# Oliver, The Talking African Grey



## TAWhatley (Mar 6, 2001)

http://www.jillwlang.com/videos

I especially liked the Remote Control one ..

Terry


----------



## mr squeaks (Apr 14, 2005)

VERY FUNNY! Many thanks for posting!


----------



## Pigeonpal2002 (Jul 27, 2002)

Hi Terry, 

Those are amazing videos of Oliver! It never ceases to amaze me how birds can imitate human voices, getting the timbre and resonance down pat too! I think this is the first time I've heard a bird "talk" in such a characteristically & noticeable "male" voice, lol....very cool


----------



## TerriB (Nov 16, 2003)

Too funny!!!! Really enjoyed watching these videos. Oliver is a very articulate speaker and seems to have a very interesting life.


----------



## Maggie-NC (Jun 22, 2005)

Terry, Oliver is terrific. Like Brad, I was surprised to hear the almost human like voice and most of what he says is very clear. I couldn't believe how he could make such complete sentences.


----------



## TAWhatley (Mar 6, 2001)

The African Grey's are particularly good "speakers" and can mimic just about any sound perfectly. I think they pick up the timbre of the voice they hear most often, and they can "speak" in the voice of more than one person.

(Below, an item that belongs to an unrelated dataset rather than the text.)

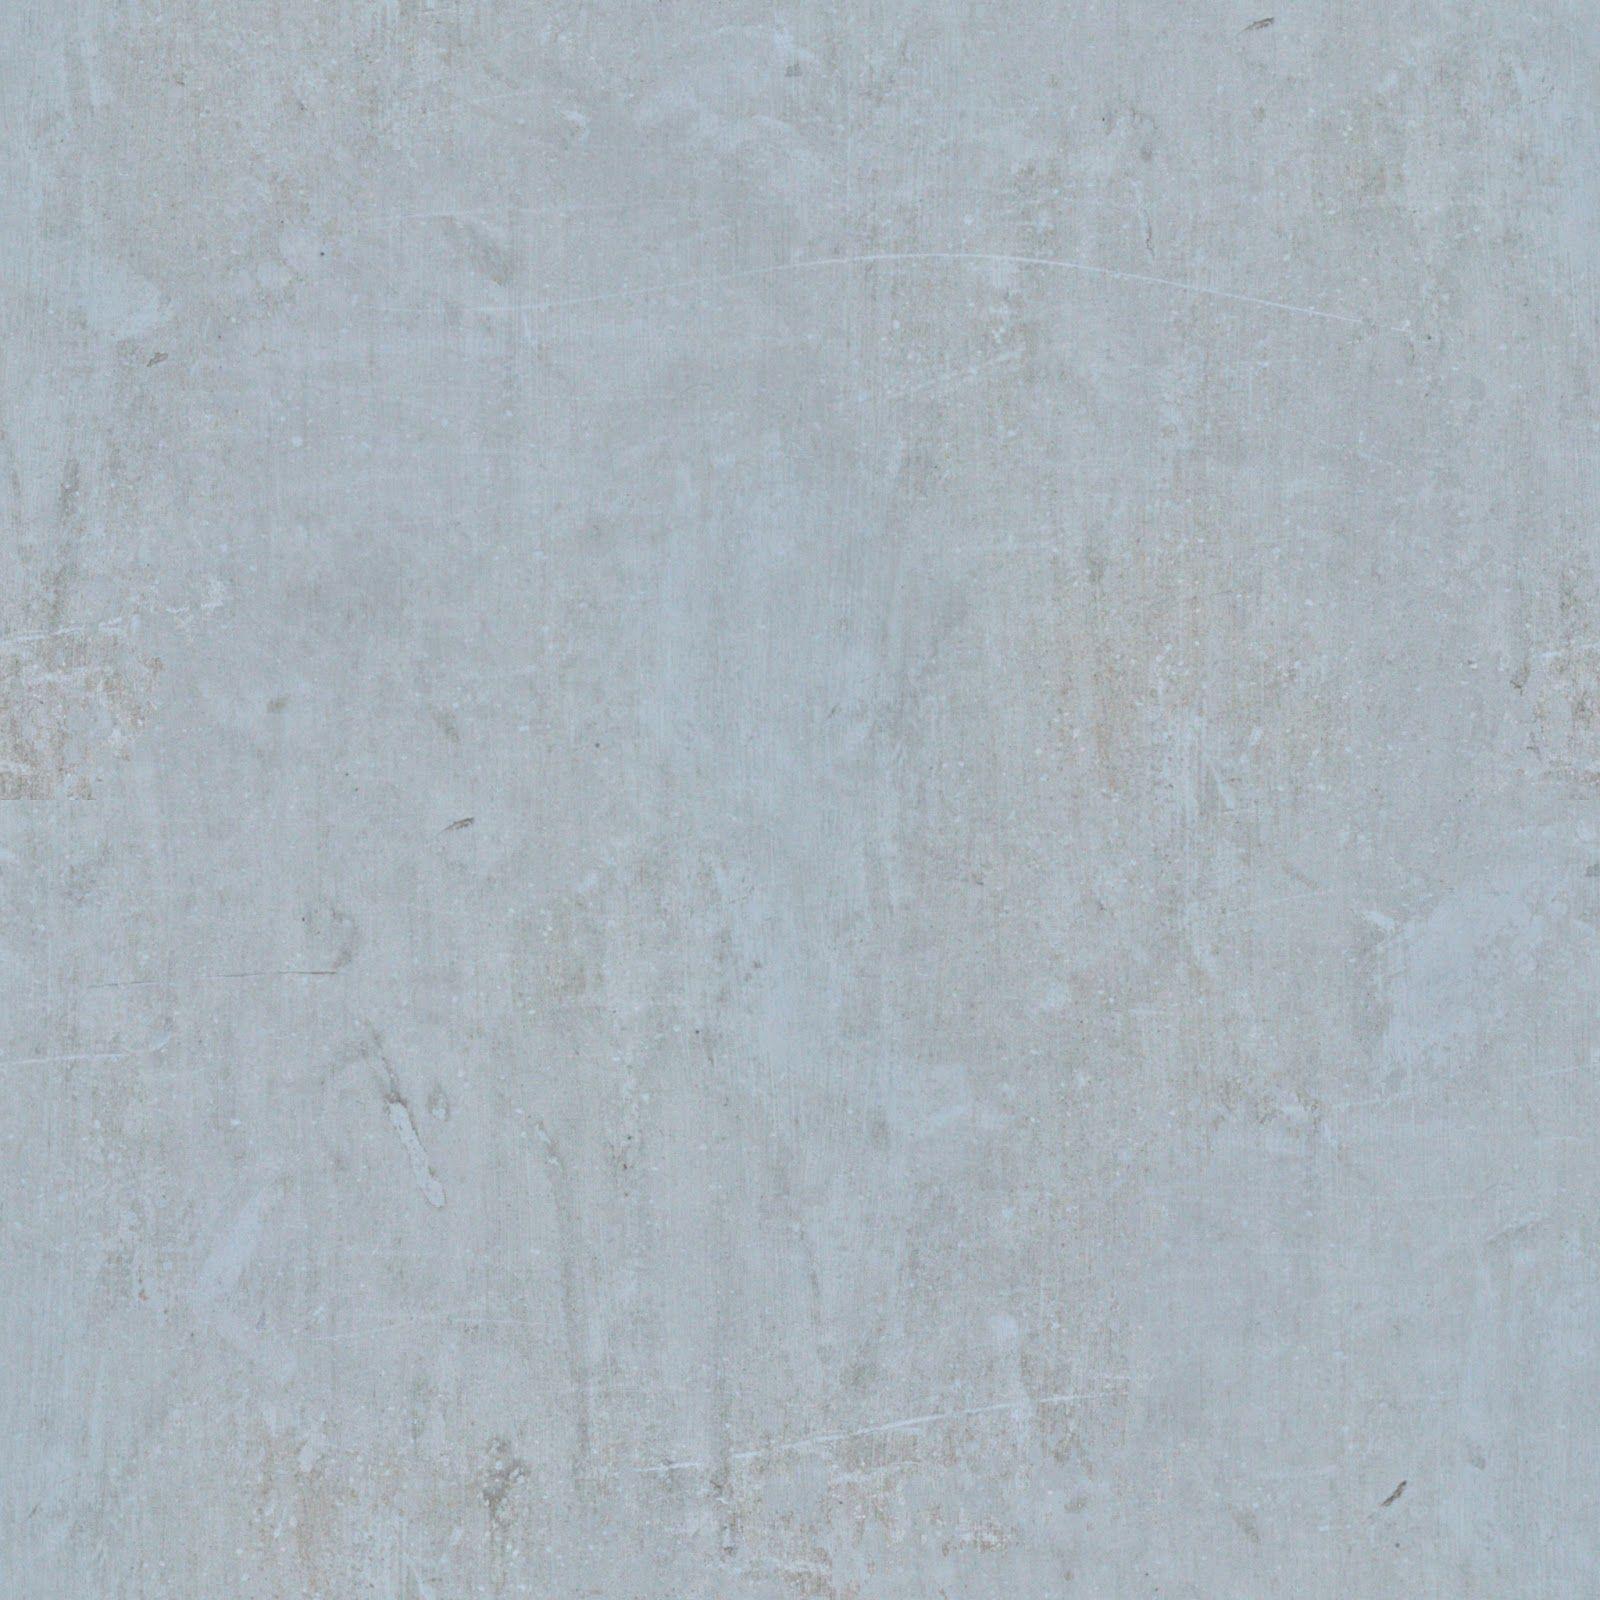 Free Seamless Texture Library Concrete Texture Seamless Textures Concrete Wall Texture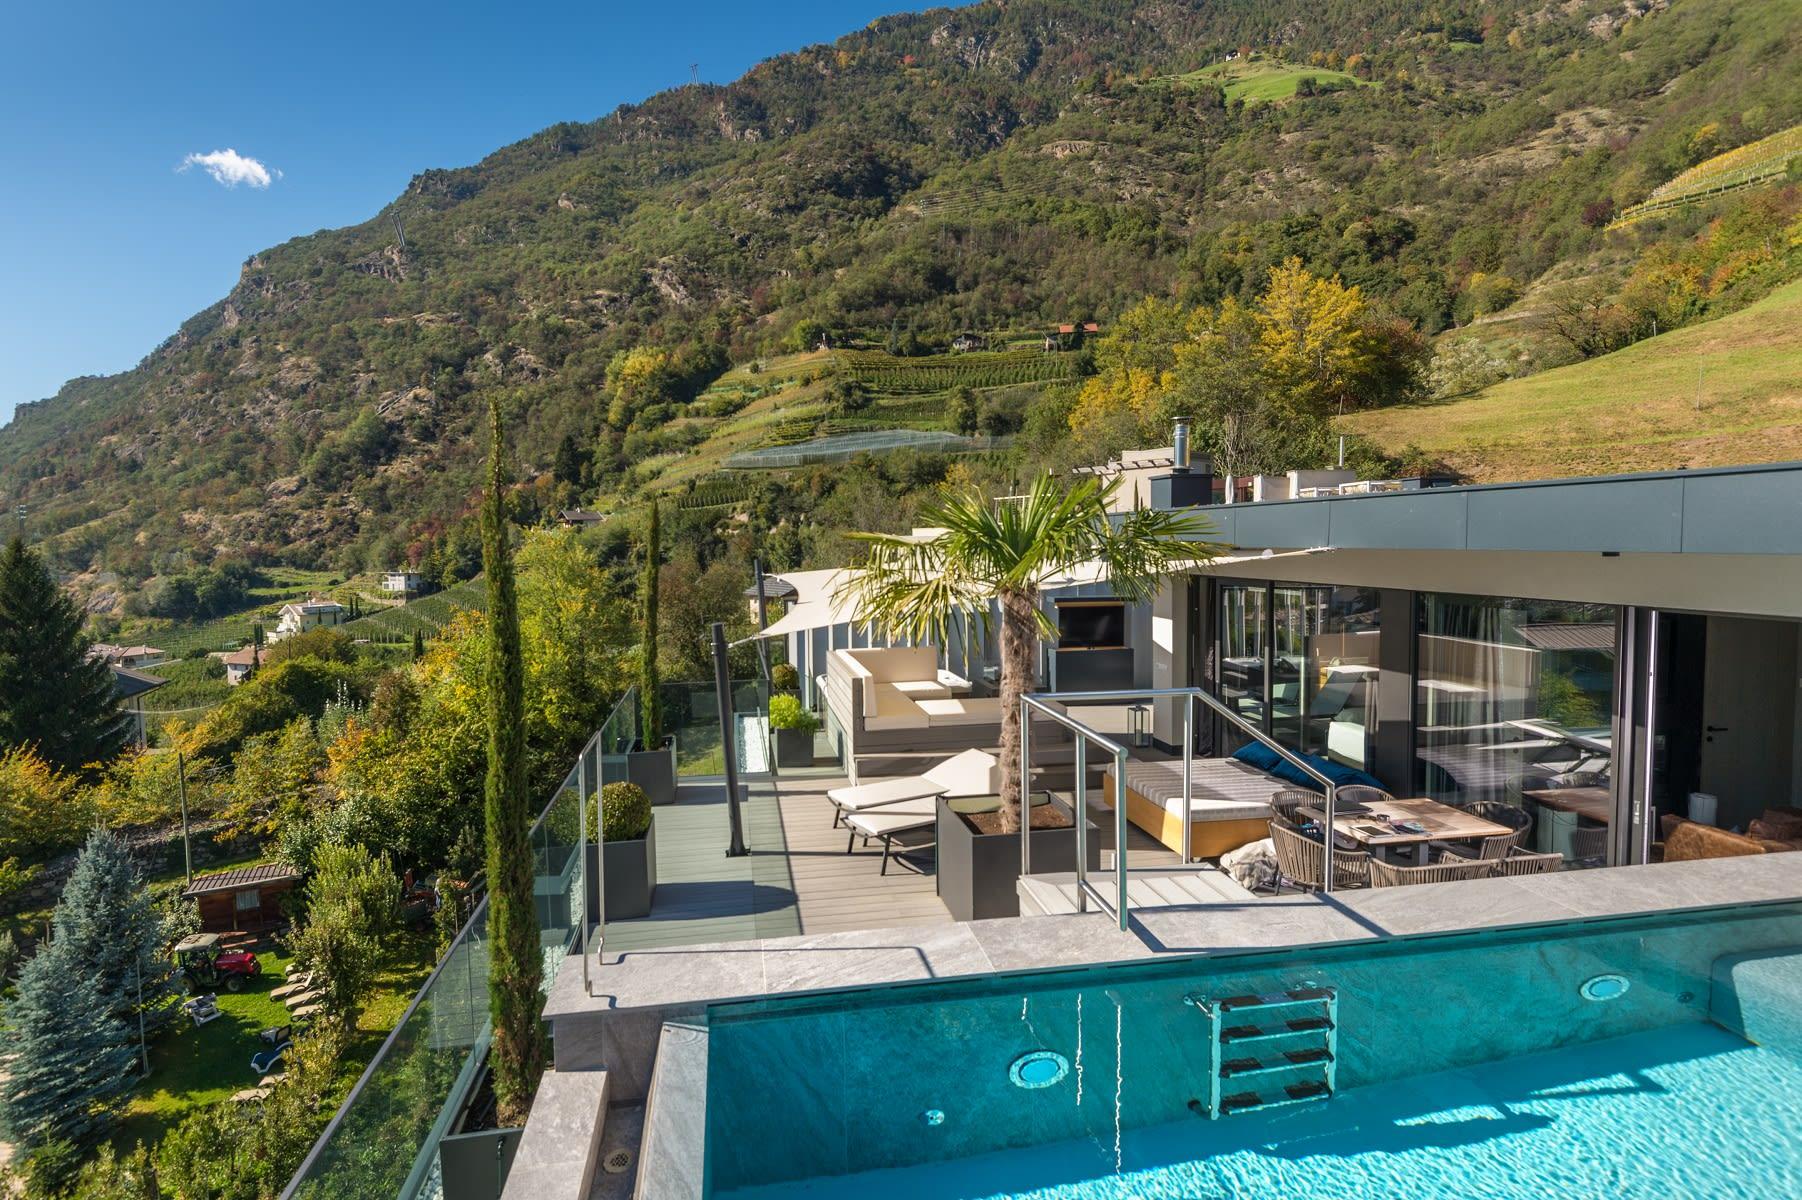 Penthouse Suite DolceVita Premium terrazza

My Junebug (CAG) usually speaks in my voice because I am her primary caretaker and the person that talks to her the most. She can, however, perfectly mimic my husband's voice too. She also has the ringing sound of the office phone and fax phone down pat. They are two very different ring tones, and she does them both perfectly.

Junebug enjoys starting out a "conversation" with a rendition of the ring tones followed by "Hello sweetheart", "How are you today?", "Hello Terry". Then on to whatever seems to be on her mind. That could be telling the dogs to "Move! Get out of the way, please!" or "Lucas, you're too loud", or something totally off the wall.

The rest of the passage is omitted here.